There were reasonable grounds for this appeal.
We order that a special mandate issue out of this Court, directing the Wadsworth Municipal
Court, County of Medina, State of Ohio, to carry this judgment into execution. A certified copy
of this journal entry shall constitute the mandate, pursuant to App.R. 27.

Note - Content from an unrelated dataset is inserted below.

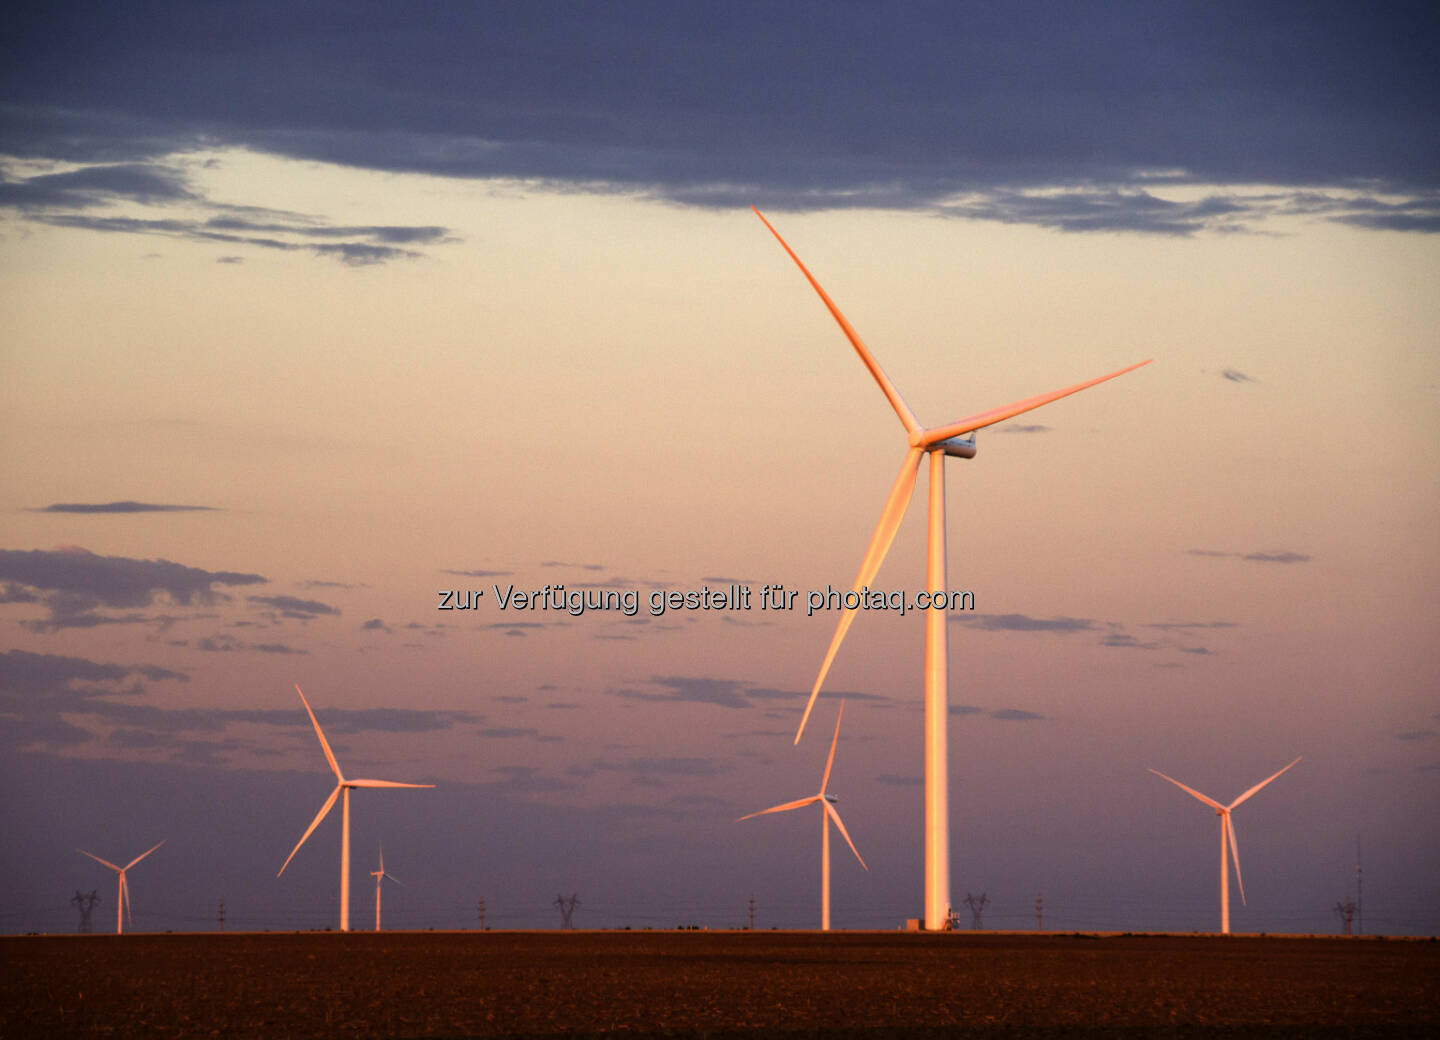 Siemens AG erhält Auftrag über Bau und Service von 79 Windkraftanlagen in Texas - Das geplante Windkraftwerk Panhandle 2 besteht aus 79 Anlagen vom Typ Siemens SWT-2.3-108. (Bild: Siemens)

Immediately upon the filing hereof, this document shall constitute the journal entry of
judgment, and it shall be file stamped by the Clerk of the Court of Appeals at which time the period
for review shall begin to run. App.R. 22(C). The Clerk of the Court of Appeals is instructed to
mail a notice of entry of this judgment to the parties and to make a notation of the mailing in the
docket, pursuant to App.R. 30. 7
Costs taxed to Appellant.
DONNA J. CARR FOR THE COURT
STEVENSON, P. J. HENSAL, J. CONCUR.
APPEARANCES:
BRIAN A. SMITH, Attorney at Law, for Appellant.
BRADLEY J. PROUDFOOT, Director of Law, for Appellee.